ЕЛЕНА
… пошёл среди пыли и падших вещей, и трепетавших полотен,
направляясь в ту сторону, где, судя по голосам,
стояли существа, подобные ему.
В. НАБОКОВ
[Фрагмент повести "ПУНКТИР"]
…А было все-таки что-то в этой Елене Погорельцевой. Хоть и не поймёшь, что. Вроде, и росту высокого, а походка еле слышная, будто на цыпочках. Волосы на затылке в кокон собраны, как у старой девы. За столом сидела ссутулившись, в разговорах не участвовала. Да и что взять, родня в деревне, комнату снимала на отшибе. Ну, правда, ещё — умненькая такая, читала, видно, много. С Красным дипломом. Хотя таким, как она, умненькими только и быть. У них ум существует, как чужая вещь, оставленная на хранение. В жизни не пригождается.
И приключилась же с этой Погорельцевой история, о которой по сей день, как ни странно, помнят, хотя давно уж нет ни отдела, ни завода, да и много чего нет. А как встречаются порой люди, так за разговорами непременно помянут ТУ САМУЮ Погорельцеву.

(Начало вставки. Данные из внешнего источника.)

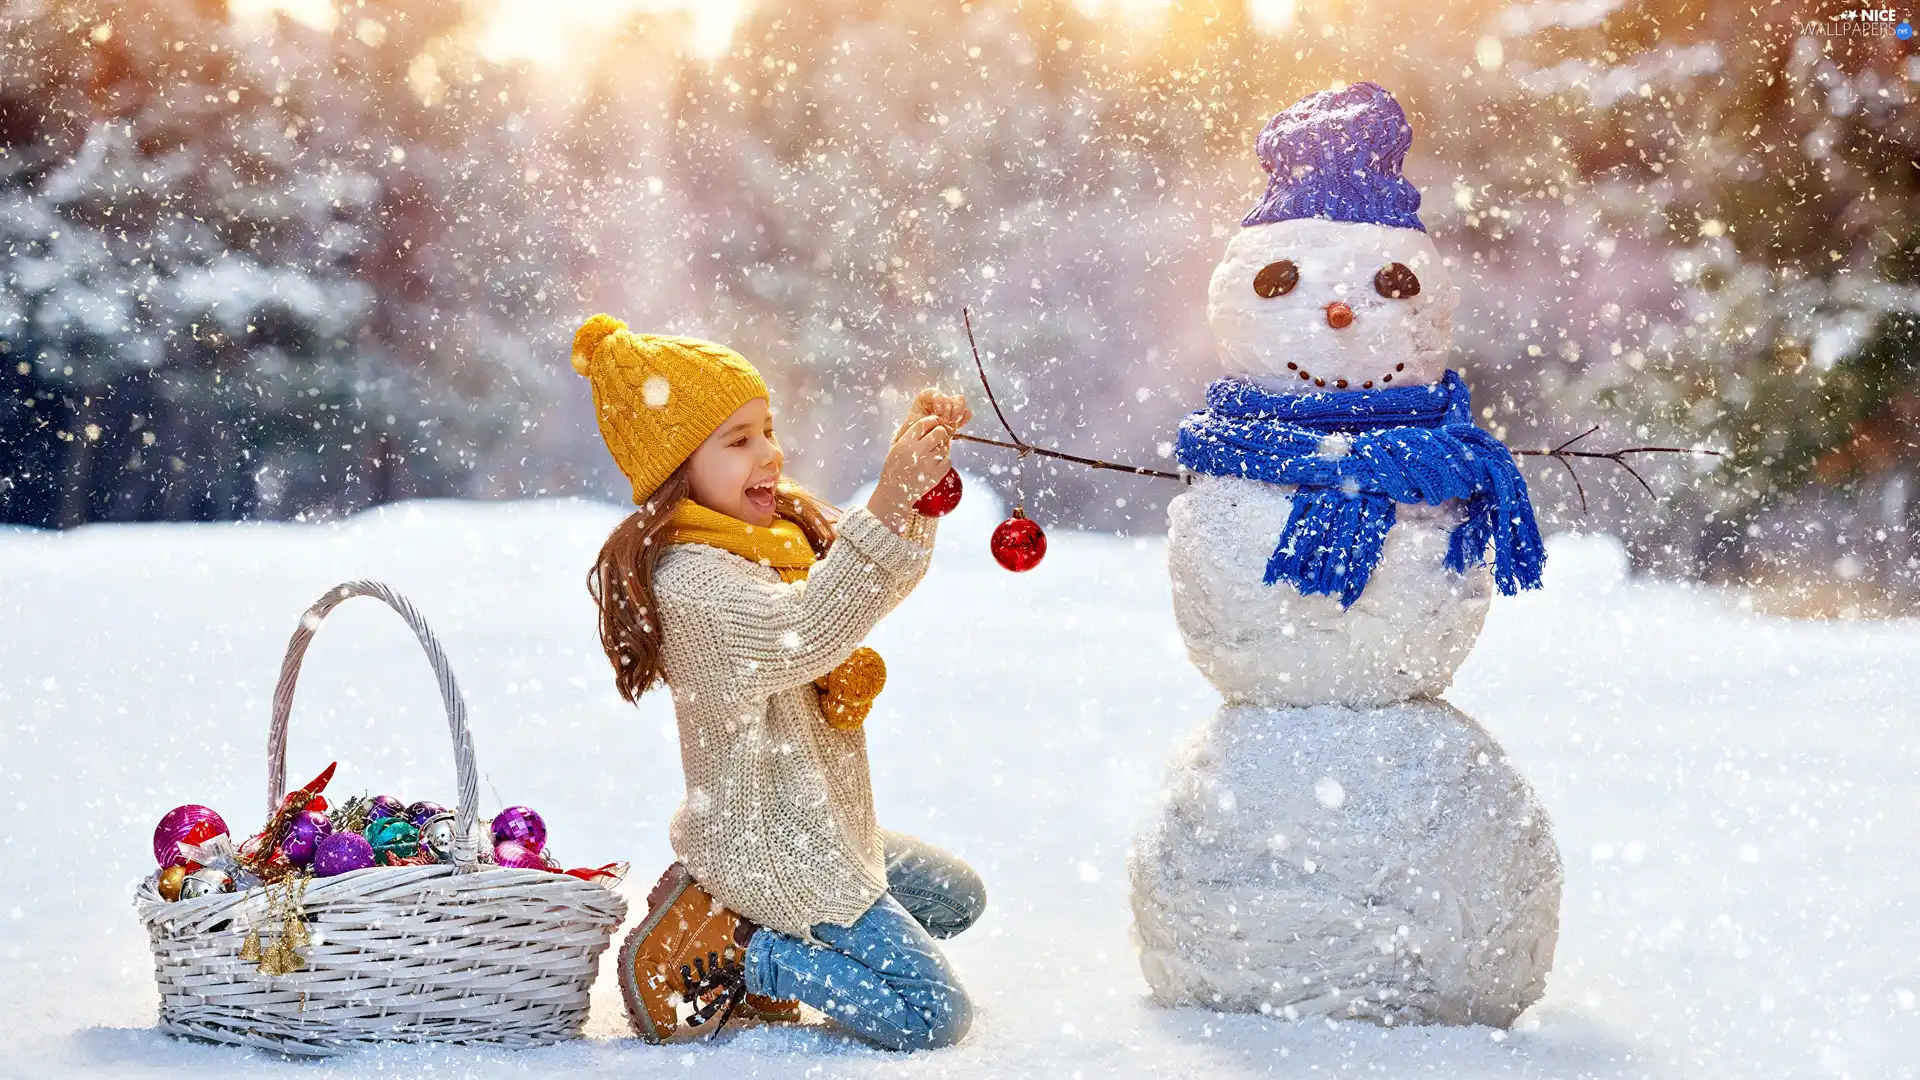 basket, ornamentation, winter, Snowman, girl

Случилось это году в восемьдесят седьмом. Завод достроил профилакторий «Волжанка» на высоком волжском берегу. И состоялся давно обещанный выезд всем отделом с цеховыми службами в этот профилакторий. Обставлено это было как субботник, что придавало выезду шарм. Тем более, что приходилось все это действо на Старый Новый год. Главное, выезд был с ночёвкой. А выезжать было уговорено по-свойски, без всяких жён-мужей.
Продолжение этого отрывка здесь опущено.